Due to ice hill conditions, a few round bales had to be stored in the indoor arena. The “trio” as we like to call Petey and his two red mares were inside munching on one of the round bales. I went out and Petey actually lifted his head from the hay and walked toward me. I had a halter rope, and asked him to start moving around the arena.
Petey was very calm, and I felt like we were connected right. He moved around in either direction, and actually stretched down at the trot today. His departs into trot were much less high headed and a couple of times he broke into a canter that also flowed much better than the last time we worked together. After combing him, I decided to saddle him.
It took a couple of tries for Petey to stand at the wagon. When I lifted the pad, he walked away two times. Which gave me the opportunity to try again :). On the third time, he stood steady and remained still and untroubled while I put the saddle on him. I checked with my “eyes on the ground” (Liz) and she verified that he seemed to be a little reserved, or preparing himself for what comes next, but no major reaction or shift in his eye. Thanks, Liz!
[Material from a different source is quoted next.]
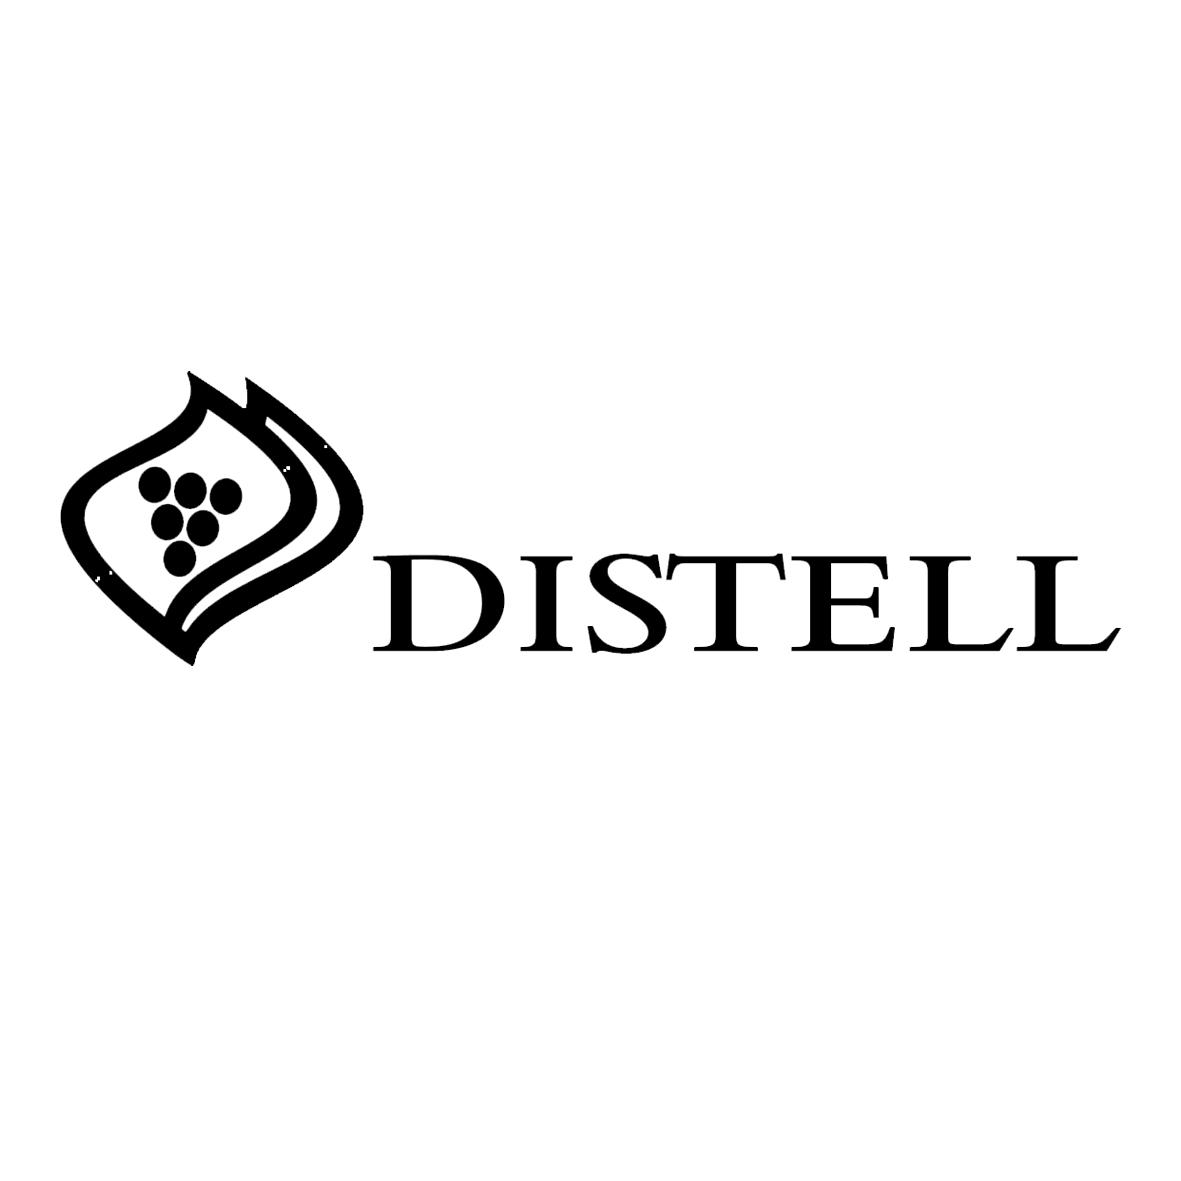 Distell.jpg

I asked Petey to move around the arena again, and he stayed in the same frame with the saddle as he had been without it. He was a little less connected to me, it took a little longer to get him to stop. Of course, I was asking him gently because I didn’t want to initiate any upside down movement for the brown horse. I found this out because I needed to tighten his girth, the saddle had slipped. Petey stood completely still while I readjusted his saddle, pad and tightened the girth. I wasn’t sure if I would need to put the halter on him to adjust the equipment, and he let me know that it wasn’t necessary.
After walking in both directions, I asked him to take his energy up into a trot. His departs weren’t as fluid as without the saddle, but again, his frame wasn’t inverted and upside down. I even had to make another equipment adjustment because I now know that the saddle/pad combination that I used wasn’t a good fit. The pad kept slipping out behind the saddle, even when the girth was comfortably tight.
We ended with some more walk around in each direction. Again, it wasn’t quite as easy to stop him from a distance as it was without a saddle. It was still nothing to complain about, just letting me know that there’s still something that changes for Petey when the saddle is involved.
I think what happened at the end was the very best part of our time together. And, I was pretty darn excited about how Petey had moved today. What I was so happy to see was what happened when I unsaddled Petey. He had coasted to a stop down by where the girls were eating on the round bale. He turned toward me. I walked to him and took off the saddle. I told him how beautiful and smart he was, petted him, and turned to walk to the other end of the arena.
Instead of heading over to eat hay with the other horses, Petey followed me. Of course, he got more praise and pets, ok, and a hug, after that choice. This is something that years ago, I don’t think I would have appreciated, and now it’s one of the best things ever when one of my horses chooses to be with me. Thank goodness I have learned lots. I bet my horses are thankful I have learned lots, too. Thank you for a heart centered session today, Petey!